» THE TASK
Your job is to print, exactly, the lines in the data below from the line with "Revlon Frost &" through the line with "Various - Autumn Leaves", both included, and to omit any picture.

» MATERIALS PROVIDED
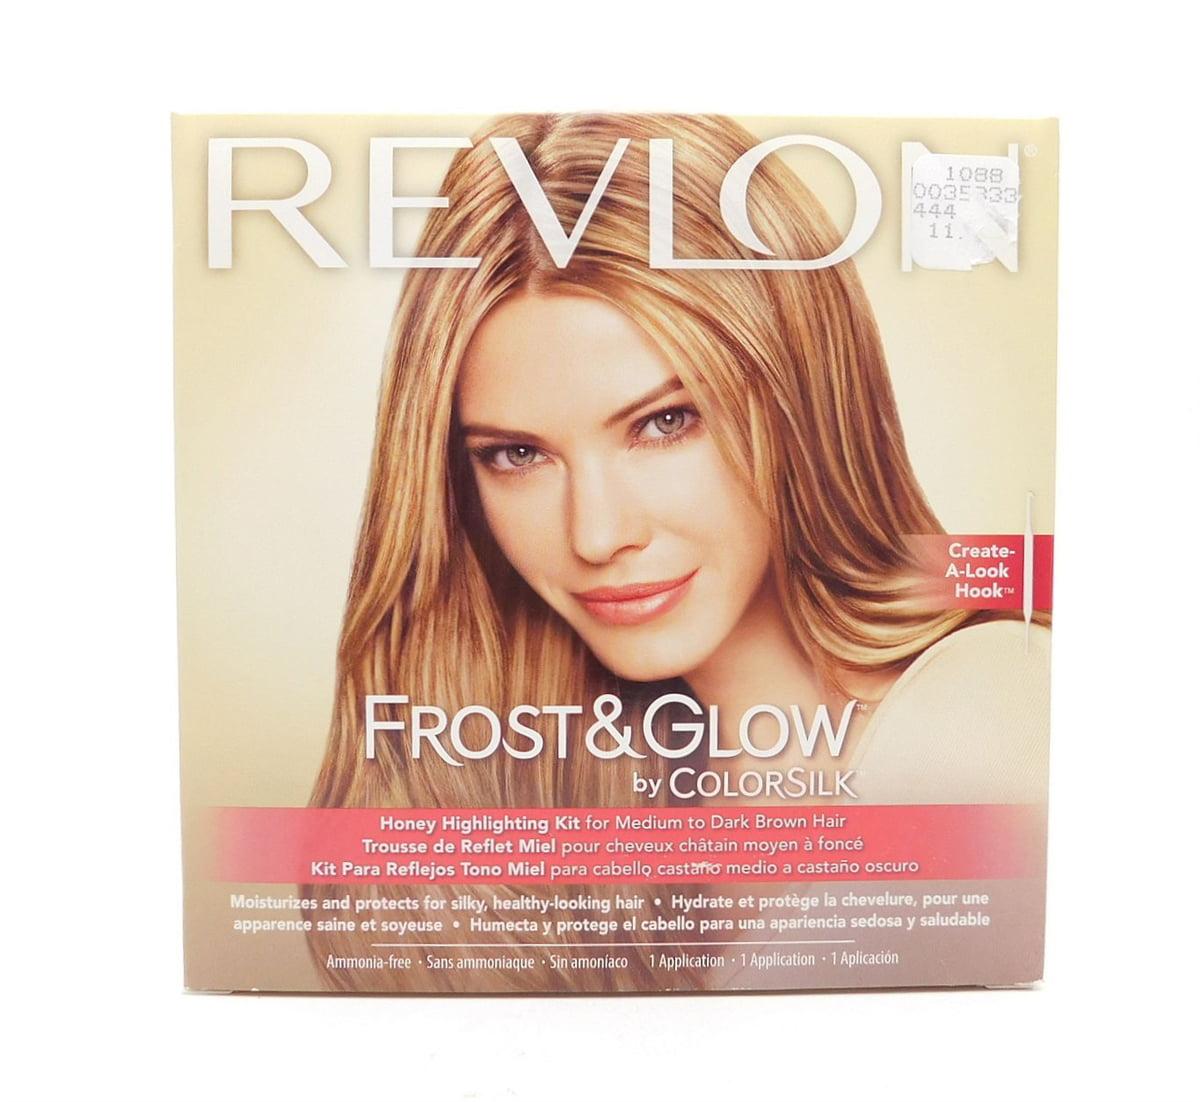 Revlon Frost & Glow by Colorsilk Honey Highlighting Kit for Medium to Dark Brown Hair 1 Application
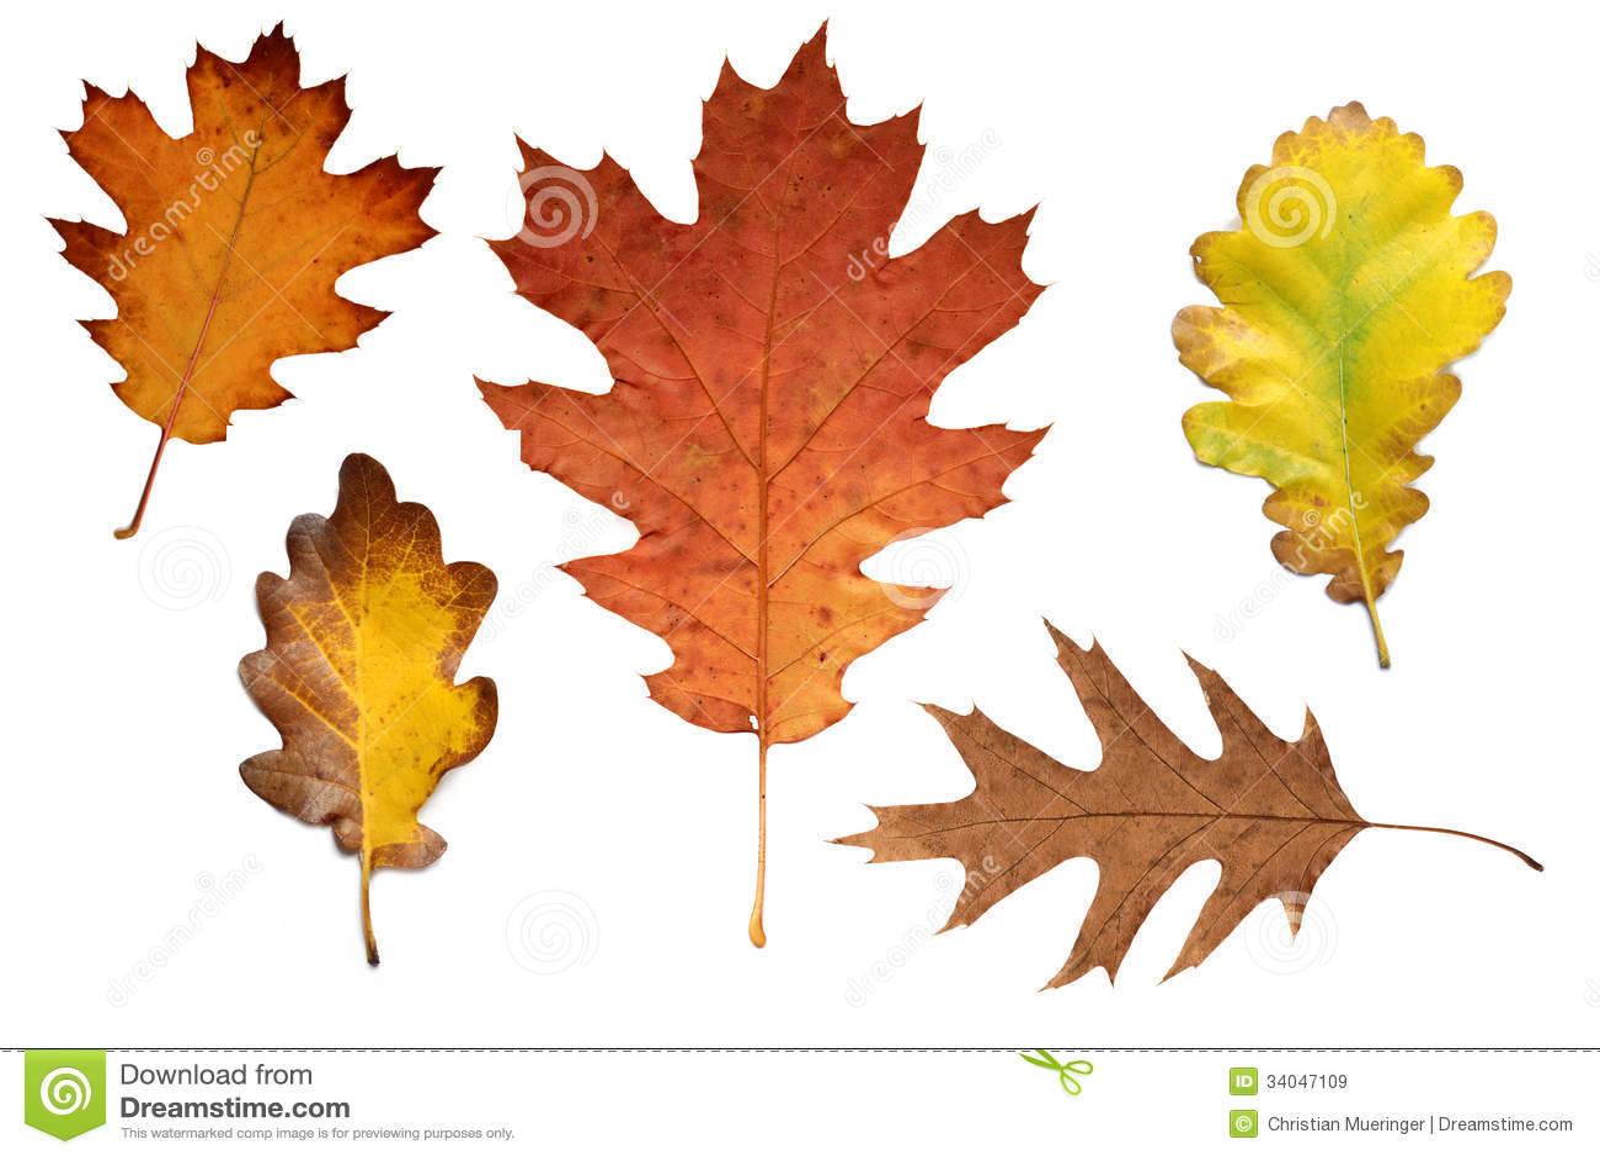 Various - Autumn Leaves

==

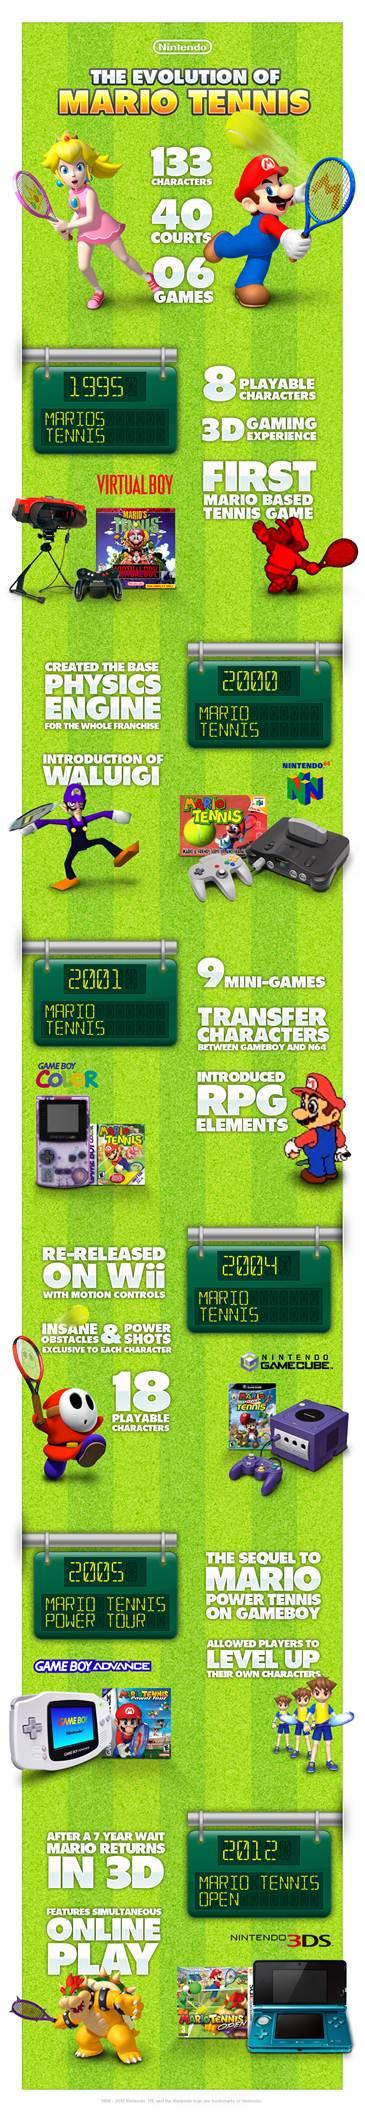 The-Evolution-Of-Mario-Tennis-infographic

* * *

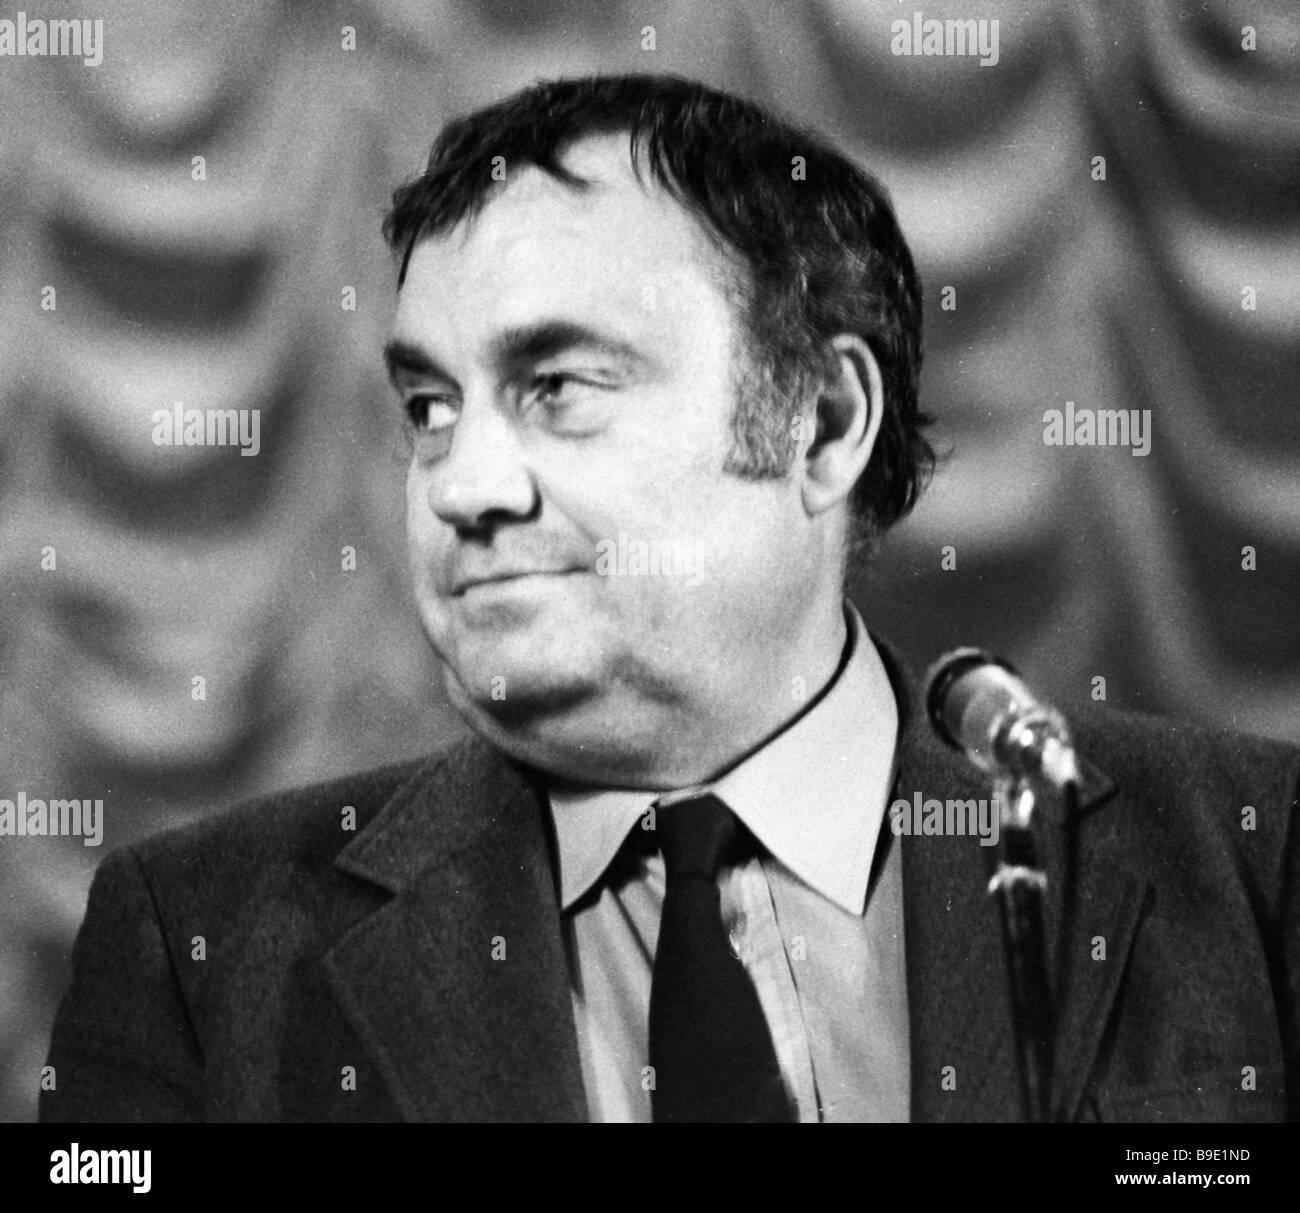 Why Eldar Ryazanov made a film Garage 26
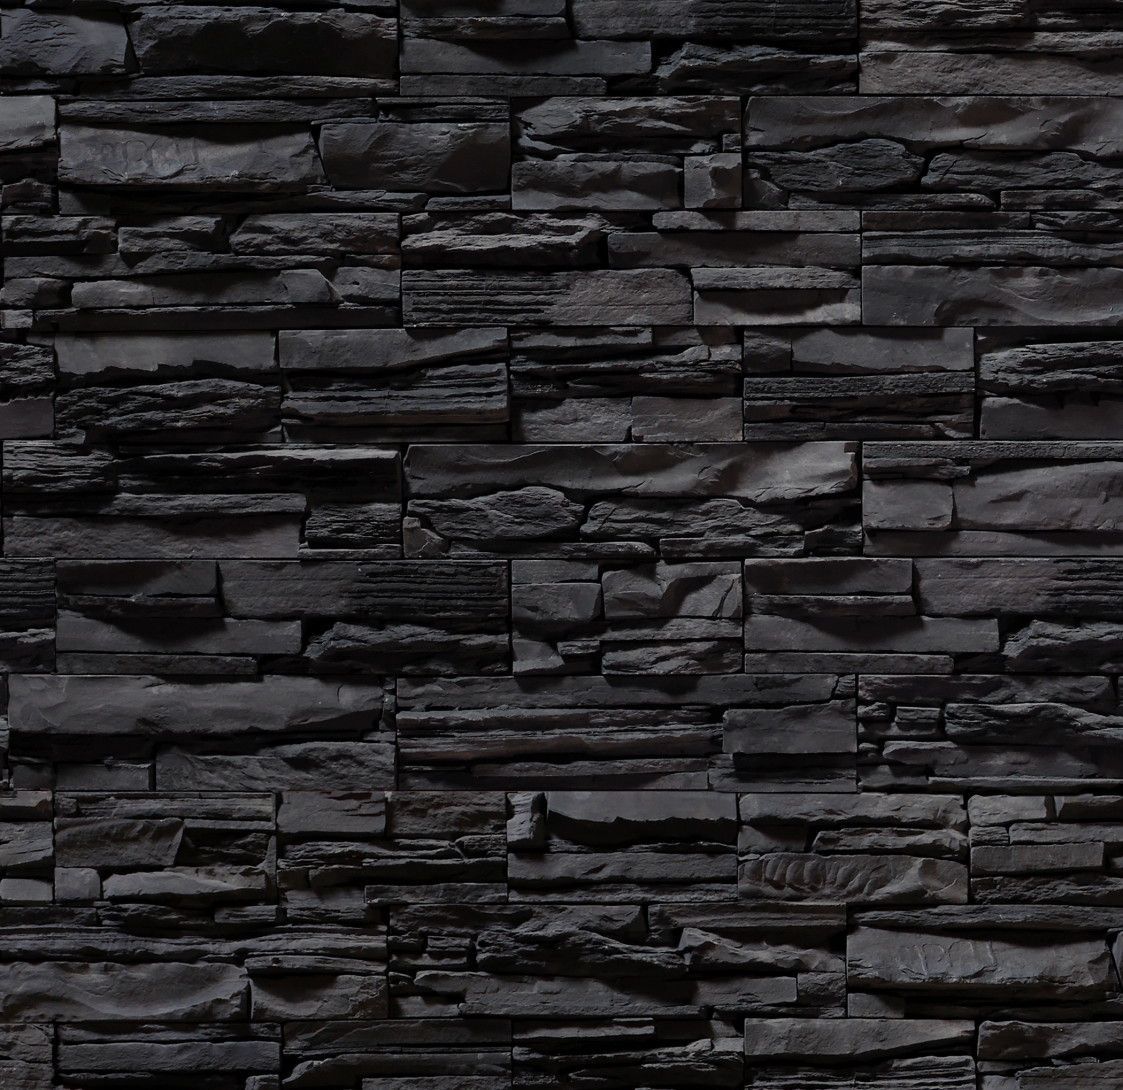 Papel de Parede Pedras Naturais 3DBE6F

» THE COMPLETED TASK
 Revlon Frost & Glow by Colorsilk Honey Highlighting Kit for Medium to Dark Brown Hair 1 Application
 Various - Autumn Leaves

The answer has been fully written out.